I don't 'pick' a conspiracy theory.  I read multiple opinions other than just what comes out of CNN, MSNBC, CBC, CTV, FOX, etc., and I look at their credentials and their evidence and keeping in mind what history has proven as to past behaviours, etc., and I formulate an opinion.

As I don't read your FB, what you may or may not write there is a mystery to me.  As far as the people you mentioned in your comment,  you and I agree on them.  

Germany, well that government has it's agenda too, of that I have no doubt.  But they are not the issue insofar as their efforts to dominate the world today are they?  Once upon a time, but no longer and the same goes for Japan.  And even Russia, hasn't been involved in a major conflict outside it's borders or the borders of the old Soviet Union since 1993.  And the conflicts that they have been involved in in various areas have come about as parts of what used to be the SU decided to break away and Russia tried to hold onto them which resulted in some fighting.  But if you look at this link which lists them:  http://en.wikipedia.org/wiki/Post-Soviet_conflicts   you will notice that each incident seldom lasted more than a year and Russia withdrew.  

Compare that to the US record arming terrorists who proceed to overthrow governments and then suddenly the US is whispering in the ear of that new man who is their man.  The Shah of Iran, Hosni Mobaruk, Syria's Husni al-Za'im in 1949, Carlos Armas of Guatemala in 1954, Abdul Salam Arif in Iraq around 1960....several of those mentioned on the following link:  http://en.wikipedia.org/wiki/Covert_United_States_foreign_regime_change_actions 

The 'best' evidence in those examples of corporate America running your government is the Guatemala war.  According to the page linked, that came about because the previous government was attempting to install agrarian reforms ....... and the United Fruit Company lobbied for a coup by lying and saying the government was communist and America was happy to oblige.  200,000 people died in the ensuing fighting.

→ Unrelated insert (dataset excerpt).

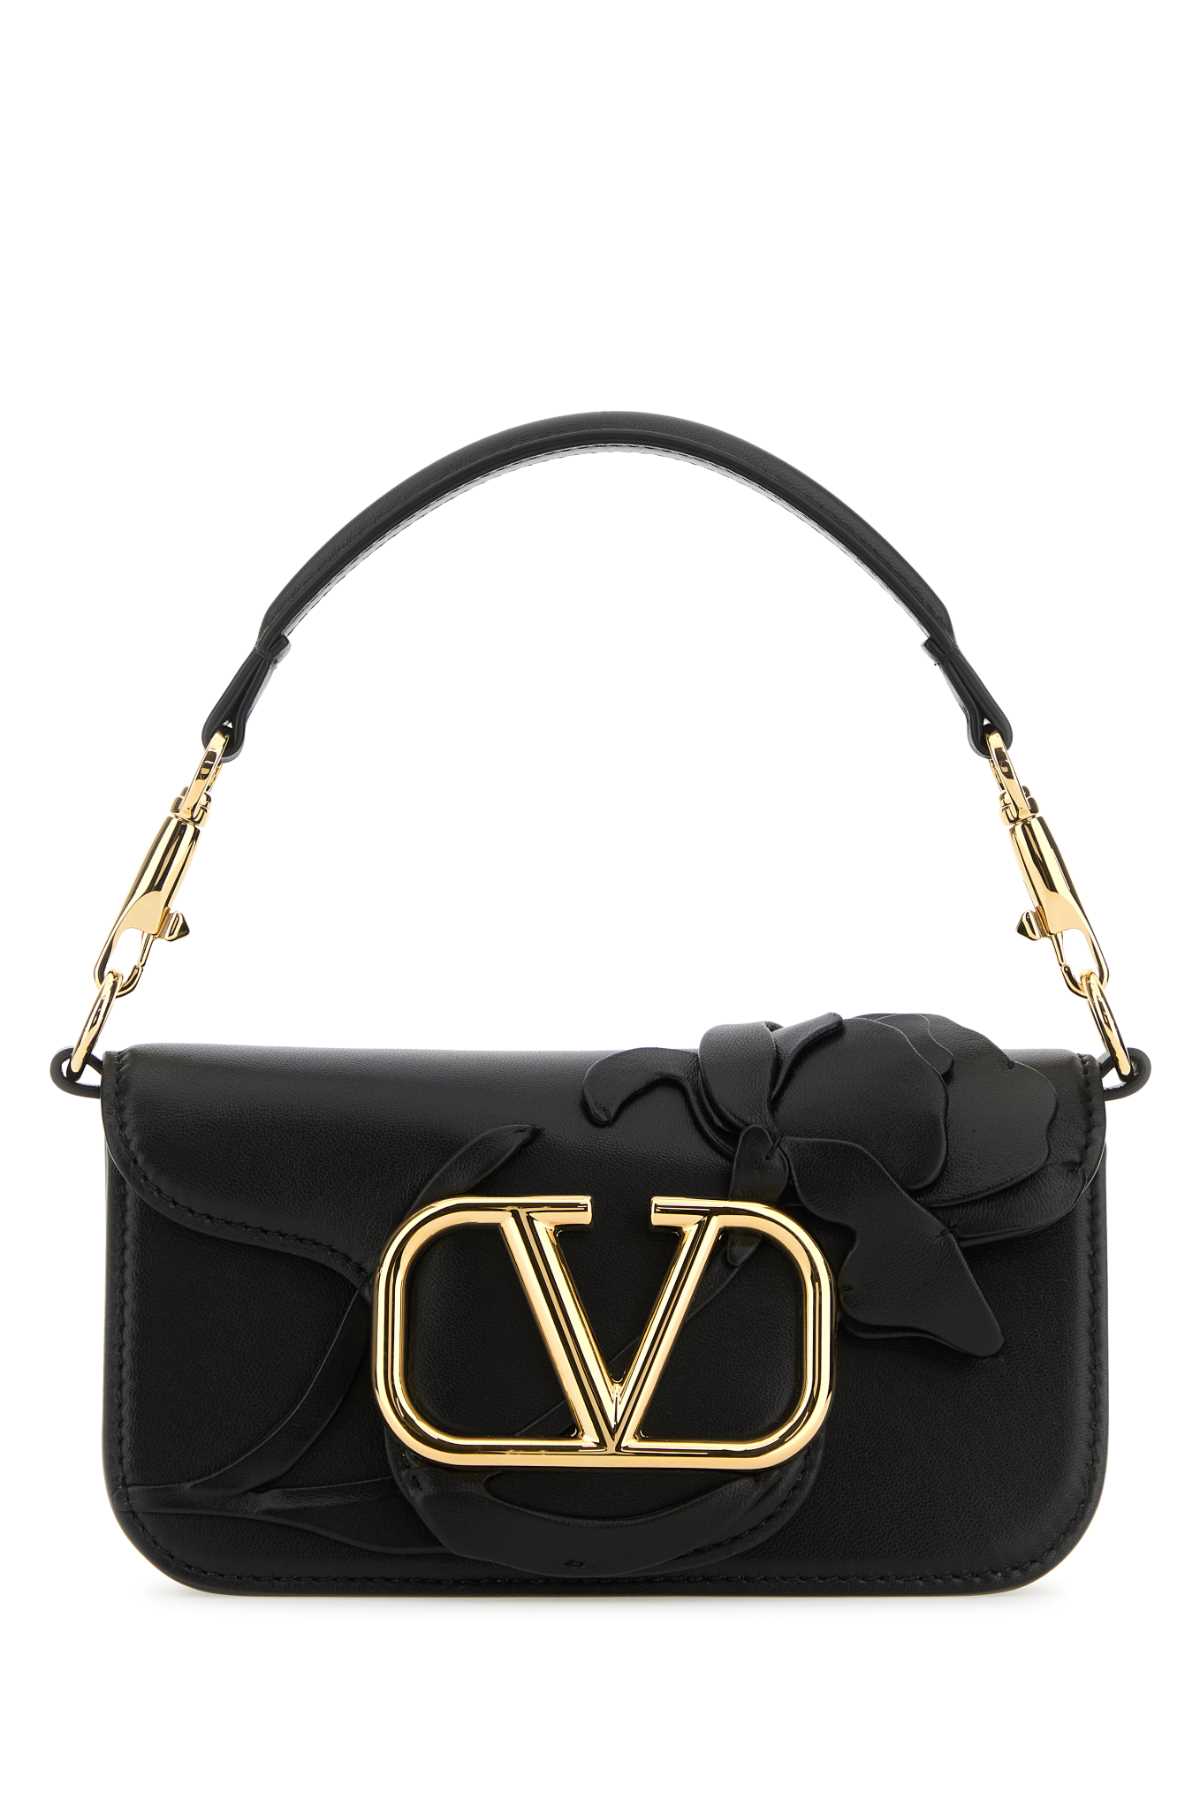 Valentino Garavani Black Leather Locã² Small Handbag In Nero

"my country right or wrong" right QuickSilver?


----------



## Debby (Oct 11, 2014)

QuickSilver said:


> Good grief Debby... So.. everyone in the US is an idiot and  is being fooled... BUT YOU, Debby, are privy to the REAL truth?.. Give me a break..  You have no more proof that what you are reading is the truth than anyone here knows EXACTLY what is happening behind closed doors on the world stage.   You are trolling the net for anything you can dig up.. and that's evident.   AND I think it's great how much you recognize the good things about America..  but as they say... with friends like you... who needs enemies.




Enough of the citizens of America are fooled that your government operates with impunity.  But many of your countries own citizens are speaking out against those actions.  (I just happen to read enough about what's going on these days that I've come across them).

Do you even read any of the links QuickSilver?  Because if you did, you wouldn't be implying that I need 'proof' because the proofs are in those articles (and I'm only linking to them, not making them up).    Names, dates, photos, and after a while the patterns of behaviour become all too evident.....The problem is not that I am given to researching before I put it down in writing, but that you don't research.  

My motives for bothering to discuss and debate like this with people like you are six and three years old respectively and they call me Grandma.  And in Guatemala and Iraq and Somalia and Ukraine and Russia and Germany and all over the world, there are Grandma's and little kids.....and your country has no regard for us apparently.


----------



## SeaBreeze (Oct 11, 2014)

Debby said:


> Enough of the citizens of America are fooled that your government operates with impunity.  But many of your countries own citizens are speaking out against those actions.  (I just happen to read enough about what's going on these days that I've come across them).



As I've stated in the past here, I've never been very 'political' or paid that much attention to the news until I retired.  But I do know the US has done many things behind the scenes that are not reported in the main stream media news that appear to be unethical and devious.  I don't consider everything I hear conspiracy theory, but just some truths that have not been announced on local newscasts for obvious reasons.

I agree with Bee, that Bush should have never invaded Iraq, and perhaps we wouldn't have this mess to deal with now, with ISIS.  Everything is not what it seems to be, and kudos to those who dig deeper via alternative news sources.  None of us should consider news sources like Fox or MSNBC as "bible", IMO.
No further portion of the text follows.